The United Nations World Order and Government become nearer by the day.
"George Orwell turn in your grave."
All those academic book writers have identified a host of problems which thanks to global media. most of which we have now managed to import here, and yes those writers have their local counterparts and slavish followers, but let us not forget the role of the teaching profession, academics, socialists, theorists, they distribute half baked theories and socialism like so much daily porridge. They instruct young minds in the rights of everyone, everyone has rights, no one it seems has responsibilities or obligations, perhaps that comes in a later class, but no one seems to have majored in the responsibility class for three decades.
I think a beautiful green theory might be to give these Utopian theorists the Island of Great Barrier to work with. By their estimation, under their guidance it will be more prosperous that Hong Kong in just two years and then we can copy their proven and prosperous example. However I suspect that like a lot of schoolboys trying to make a work project, all the theories mean very little when you lack experience of operation. I would not be surprised that all their theories amount to is a huge debt for unworkable schemes, just as the last social program did (and the one before). Our biggest election problem are the Parties without a bolters chance of even a list seat, spouting forth great policy that they have not a snowballs chance in Hades of ever installing, yet they act as if their unreal policies might save the day. Beware grand promises from candidates without seats. This may go down as the election of hollow men with hollow promises stepping out to a hollow recession, something of a hollow victory.
A great article. 10,000 years ago Alberta Canada was covered in 3 km of ice...then it melted....but there were no SUVs, no steel mills or cement plants or oil refineries. Why? Canada needs more writers like Martin Durkin, unfortunately we are a nation of wimps led by likes of the Green advocates. Kiwis have more common sense than Canadians.

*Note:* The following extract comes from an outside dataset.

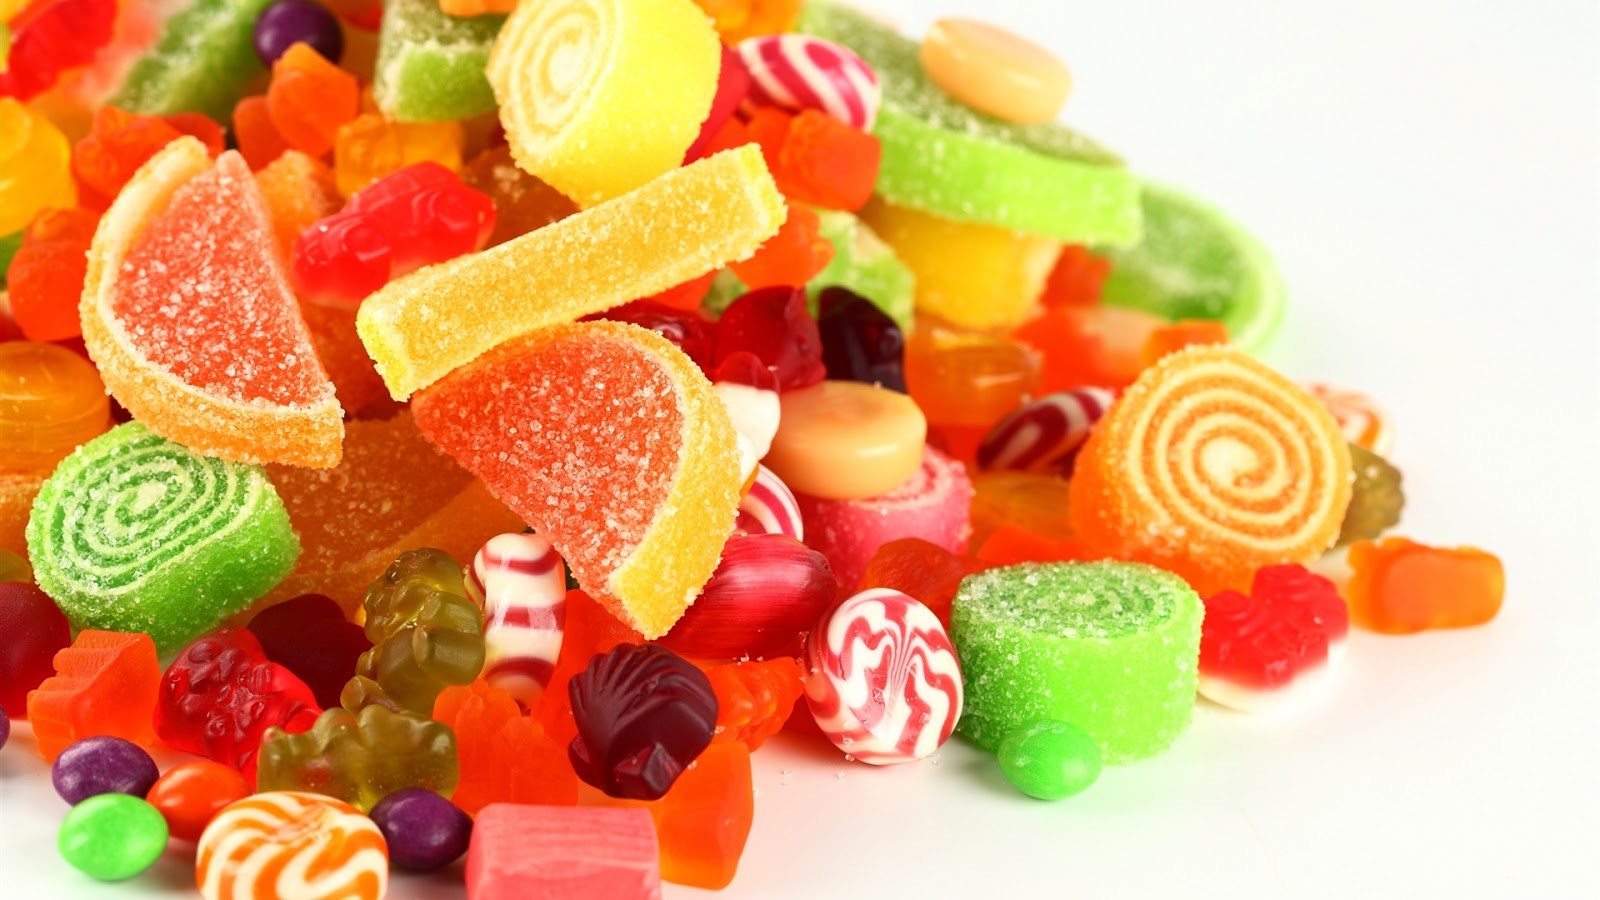 http://4.bp.blogspot.com/-QVW3CUUjKfo/UVf9Xv9-OCI/AAAAAAAASnY/XHJFjPv8NzY/s1600/The-dazzling-colorful-candy-fruit-sugar_1080.jpg
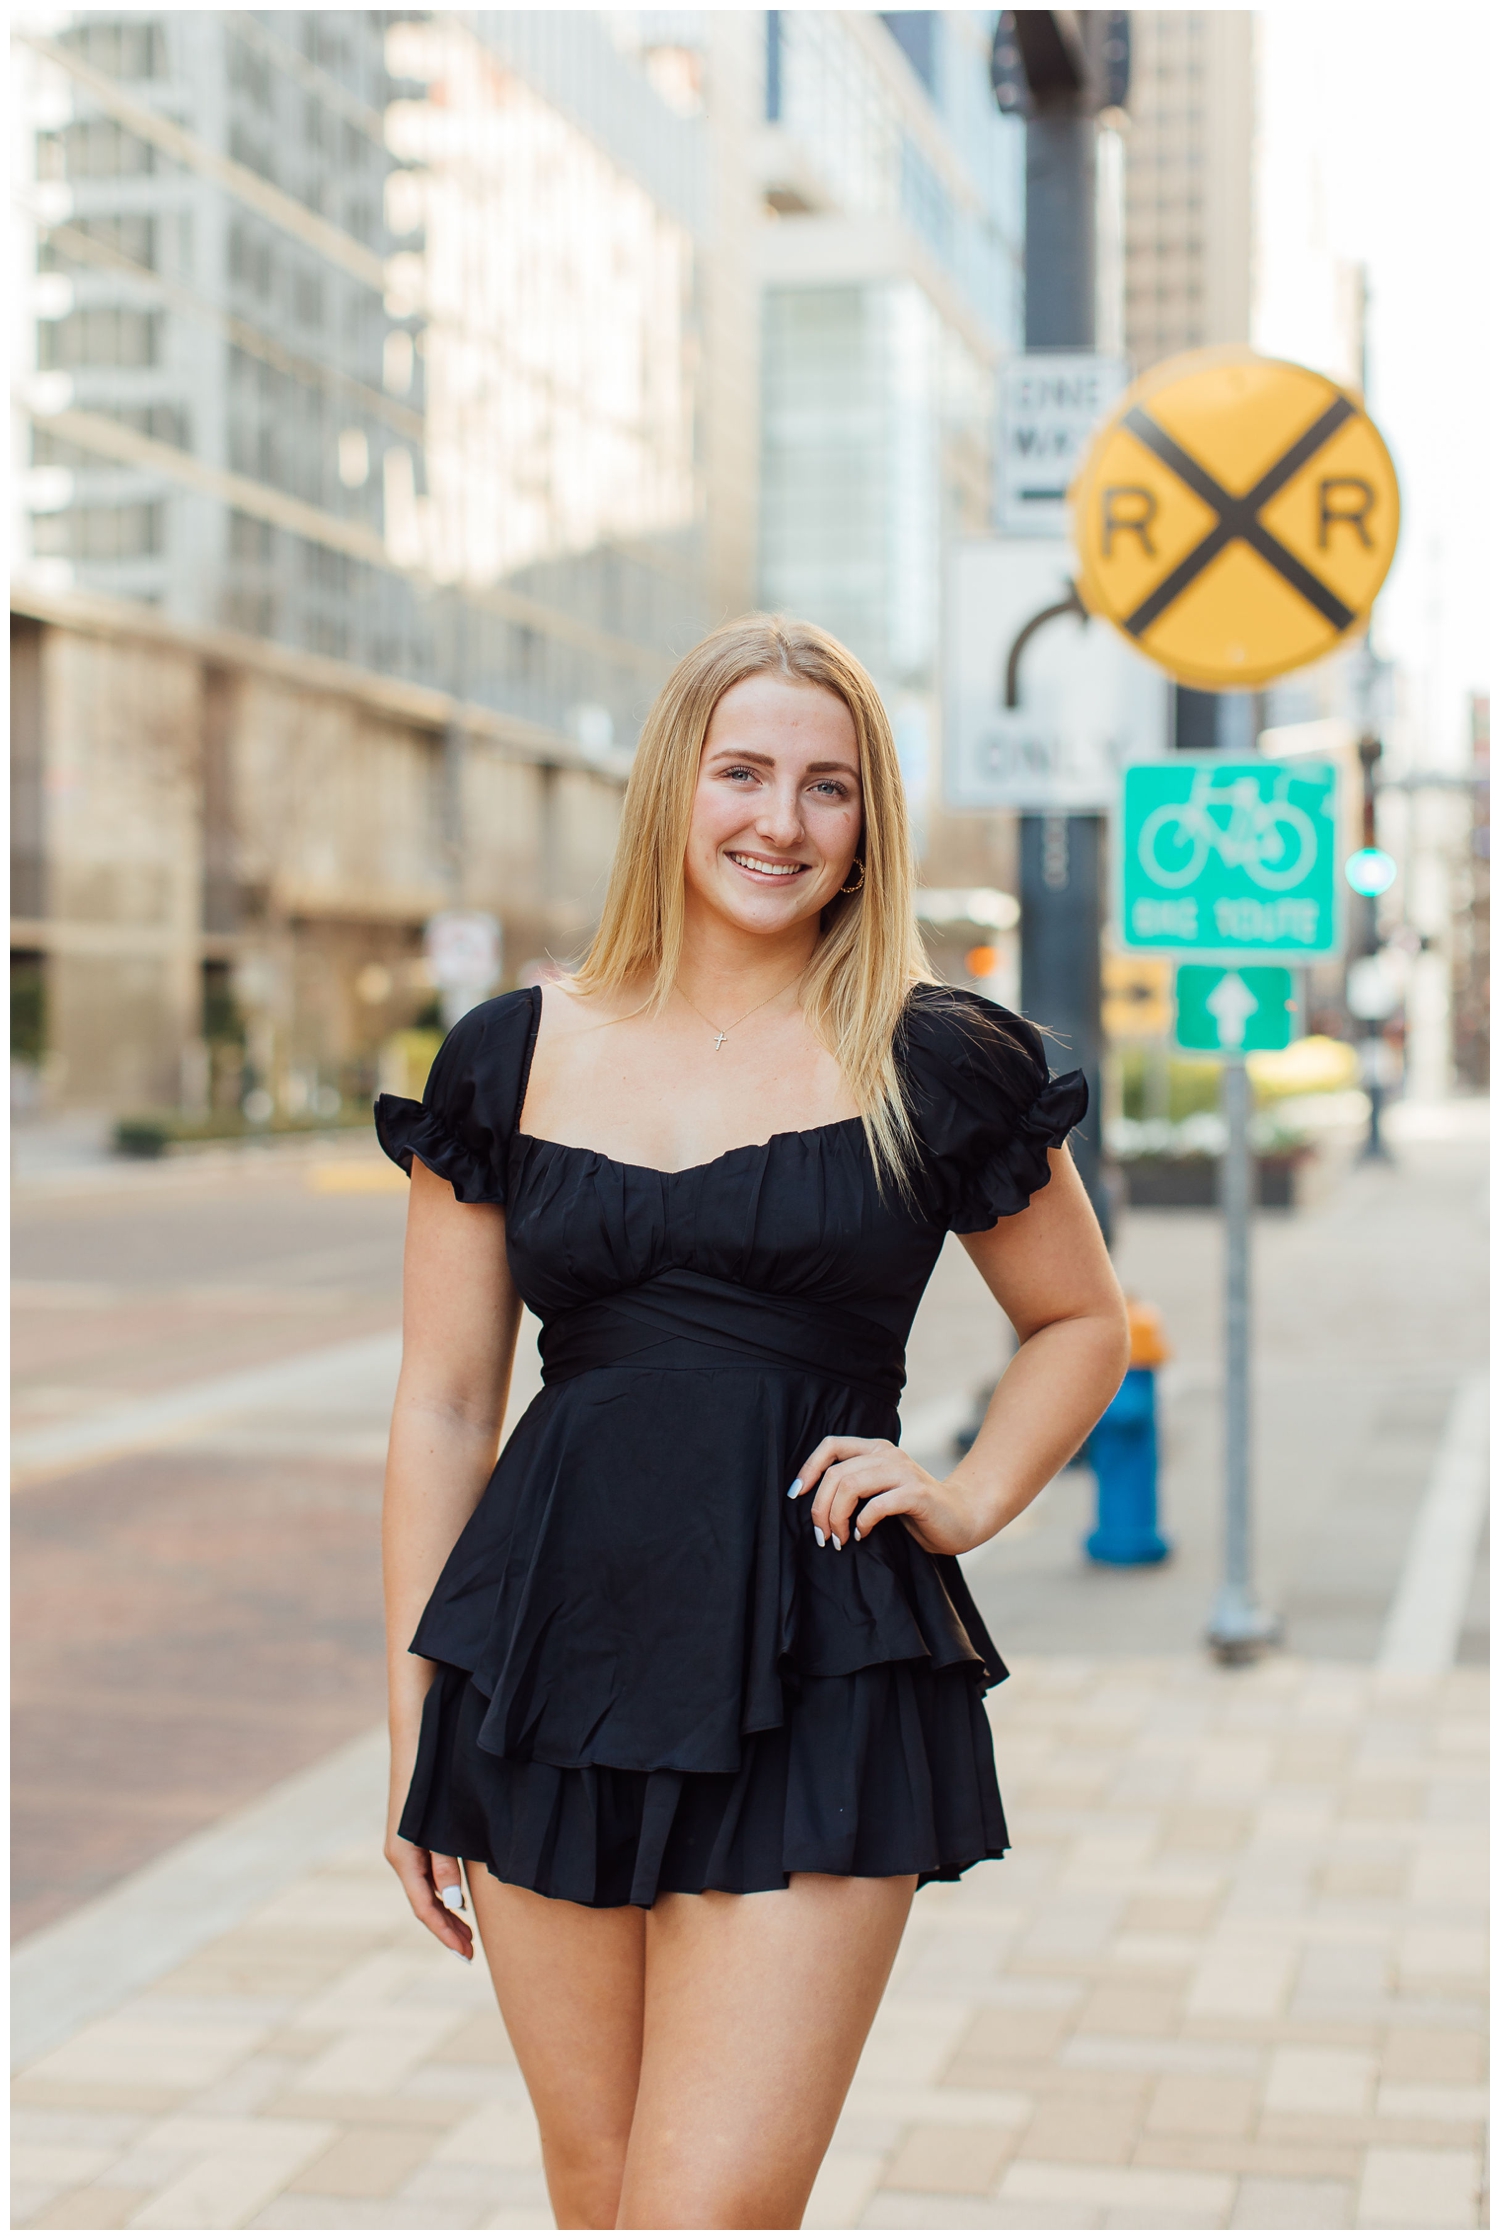 Urban senior photos Houston Main Street with girl in black dress hands on hips

John Morrall Calgary Alberta CANADA
One overlooked reason for melting ice sheets is a tilt in the earth`s axis. A classic example happened 4000 yrs ago when what is thought to have been as an asteroid crashed into the earth north of Europe , destoying the land of the Frisians which is recorded as having been a pleasant temperate zone land] Supporting evidence; Glacier bay national park in Alaska 400yrs ago was covered with an immense sheet of ice [Probably was located ion the north pole]; Waimakariri gorge formed by a glacier that retreated 4000 yrs ago and that tiome was a time of mass migrations.
Capitalism is coming up against the brick wall of a finite world; the ignorant want to keep on rushing to the destruction of the natural environment which is our nest and the powers that be up the pyramidal heirachy of power [held in place by money and fear] want us all latched on to an electronic money system bearing no connection to productivity.Moneyfeudalism!!!